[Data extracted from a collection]
>>>

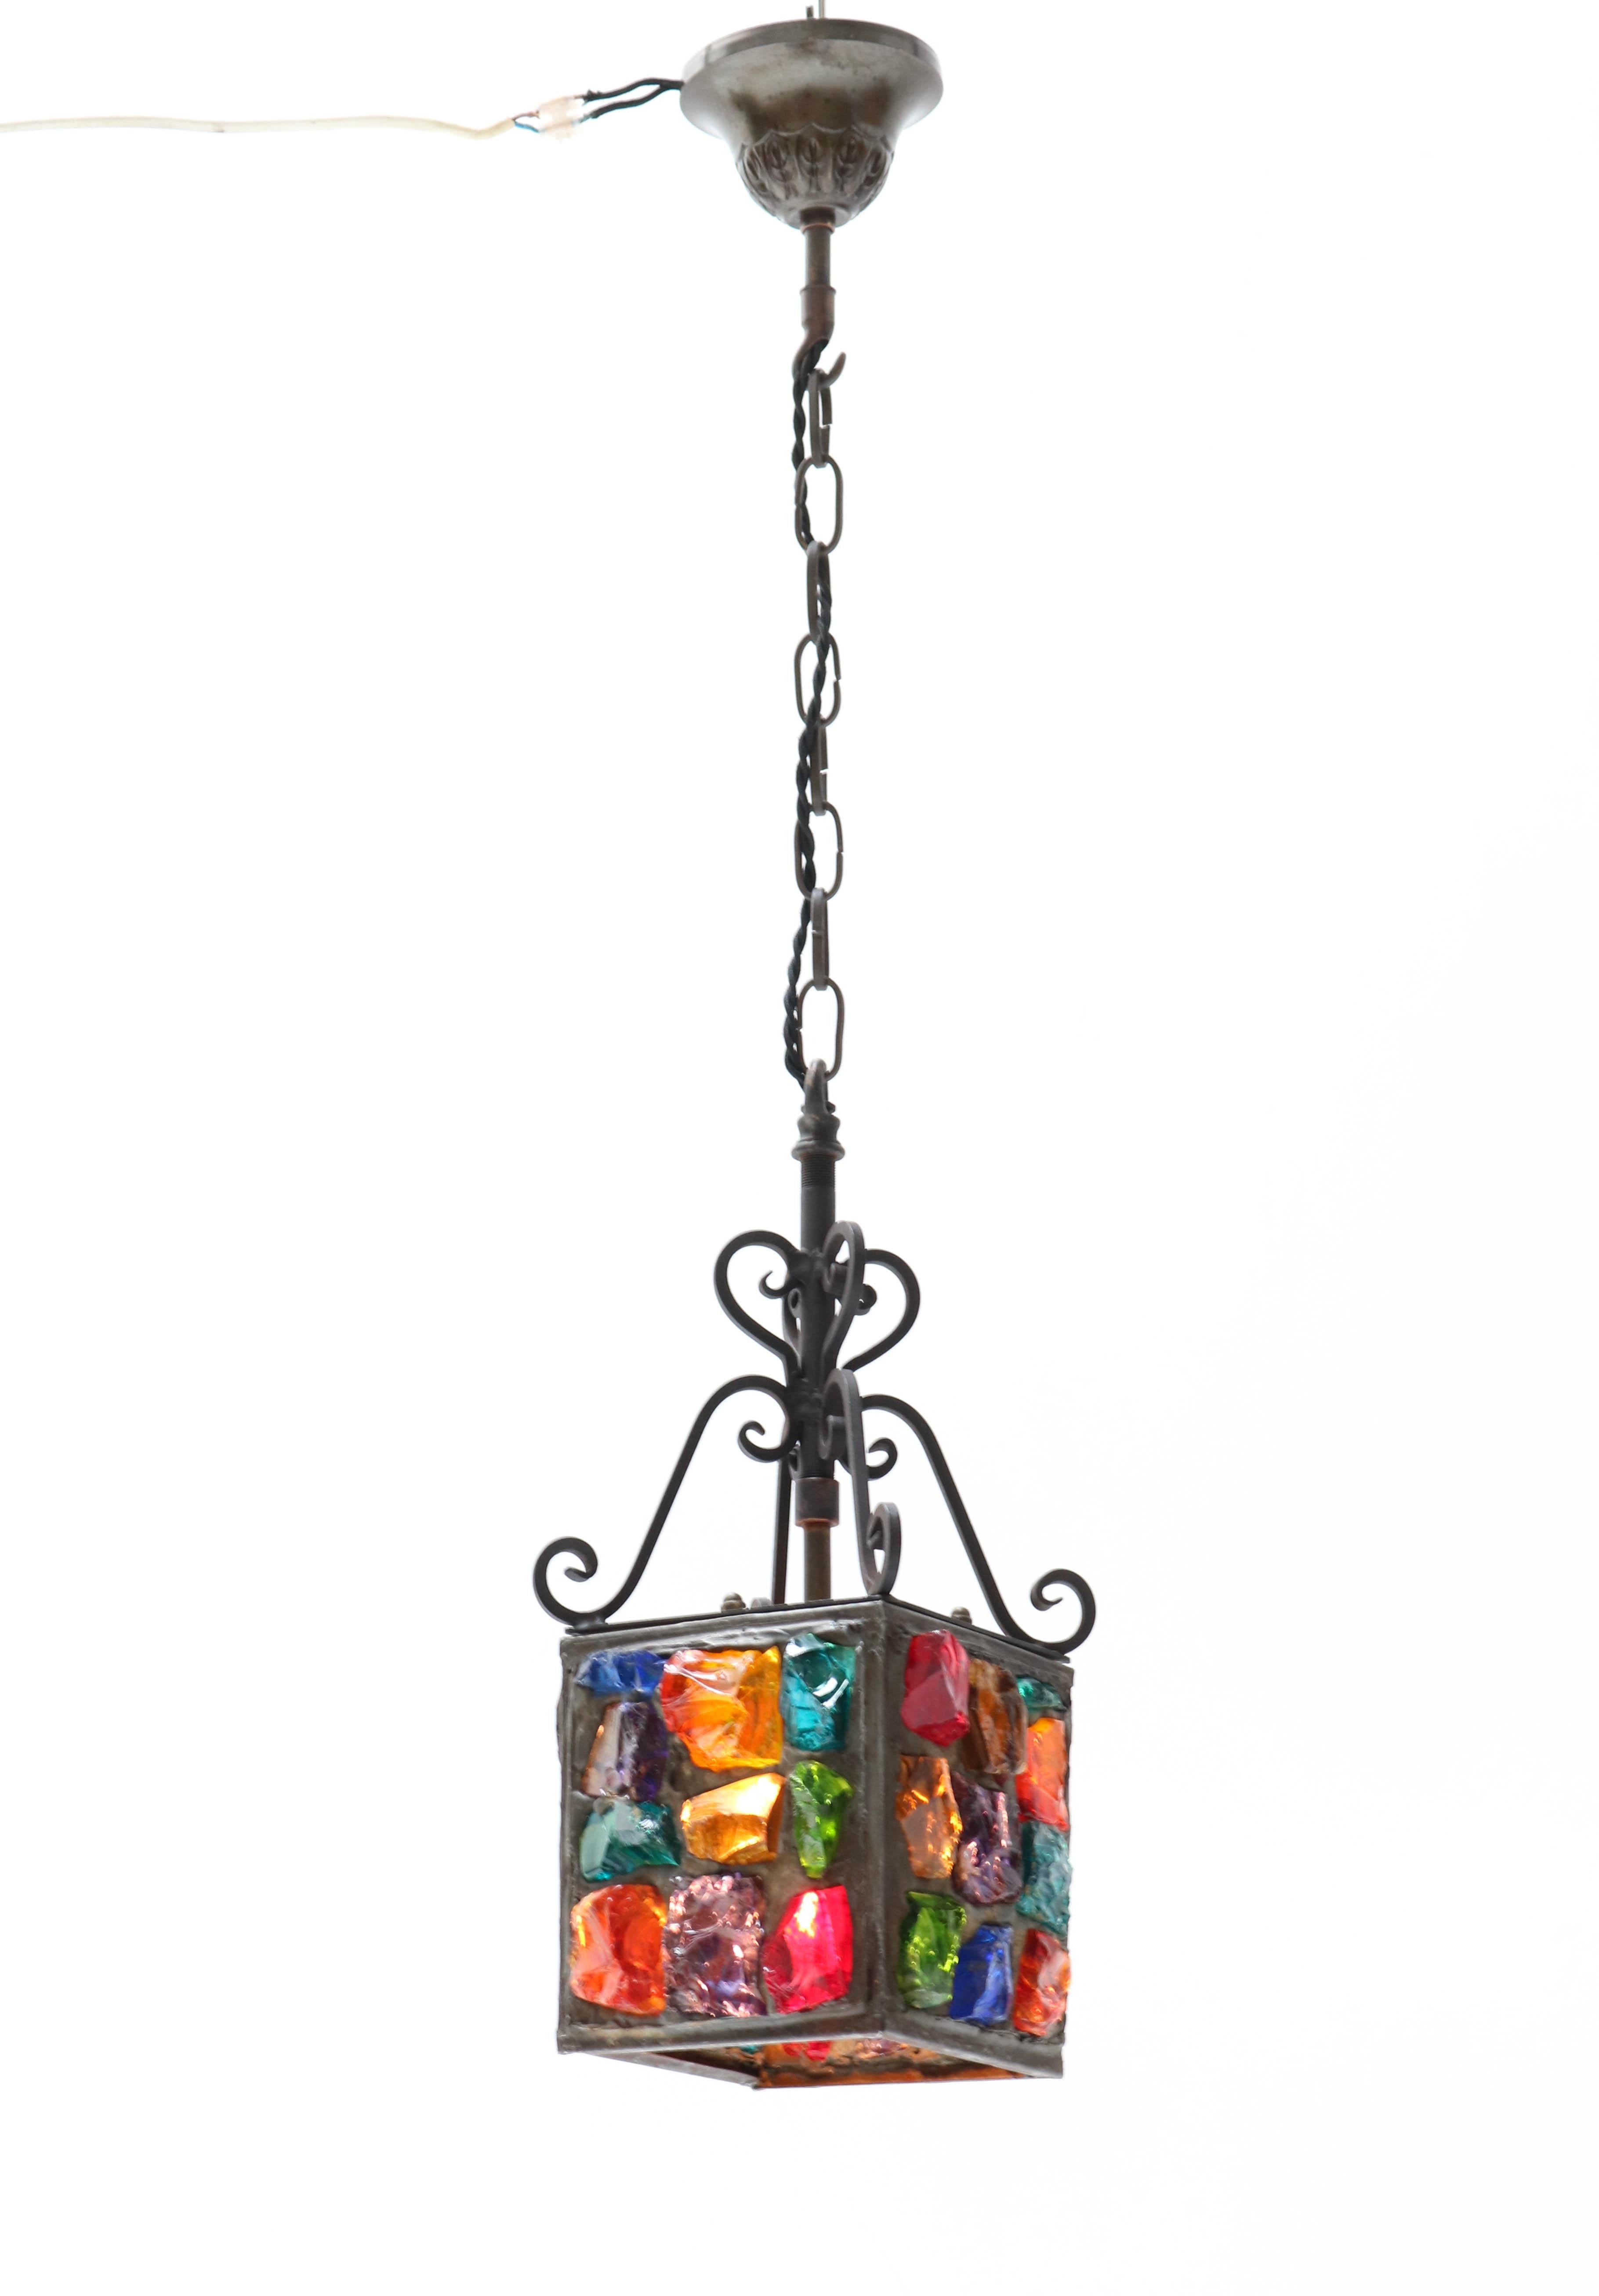 Stunning and rare Arts & Crafts Art Nouveau lantern.
Striking English design from the 1900s.
Wrought iron frame with various gemstones.
Rewired with one socket for E-27 lightbulb.
In very good condition with a beautiful patina.
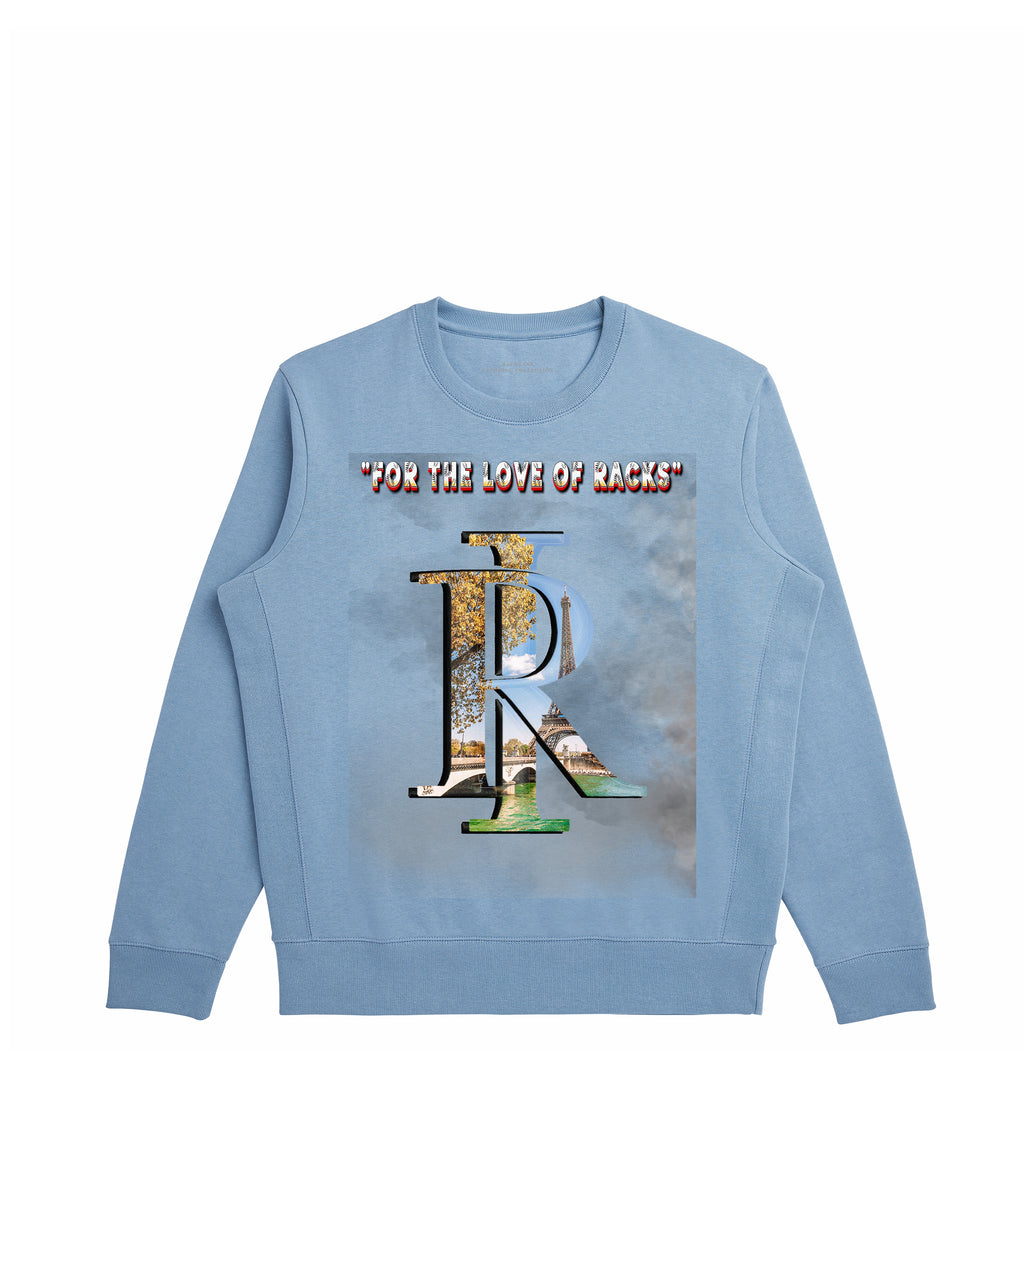 For The Love Crewneck - Cloudy Blue
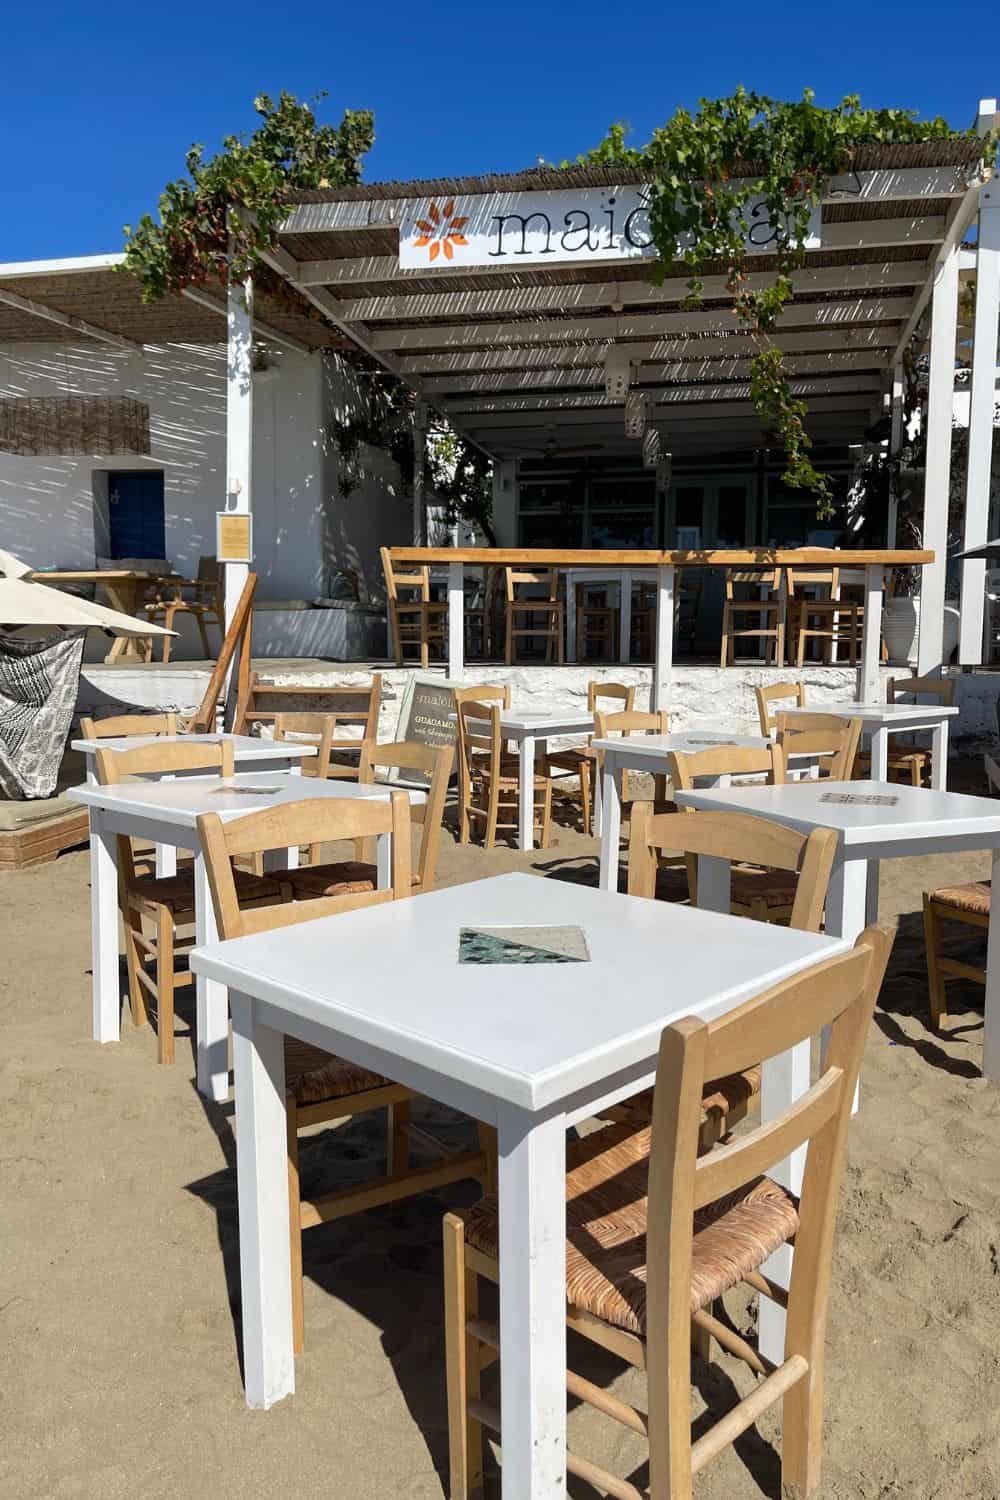 A beachside restaurant named 'Maiolica' basks in the sunlight, showcasing white tables with wooden chairs on sandy ground, ready to welcome diners with its charming, open-air ambiance.

<<<

- Aim of the task -
Your task is to print exactly the lines from the one containing "Wrought iron frame with various gemstones." through the final line of the records above, with no pictures and nothing more.

- Task response -
Wrought iron frame with various gemstones.
Rewired with one socket for E-27 lightbulb.
In very good condition with a beautiful patina.
 For The Love Crewneck - Cloudy Blue
 A beachside restaurant named 'Maiolica' basks in the sunlight, showcasing white tables with wooden chairs on sandy ground, ready to welcome diners with its charming, open-air ambiance.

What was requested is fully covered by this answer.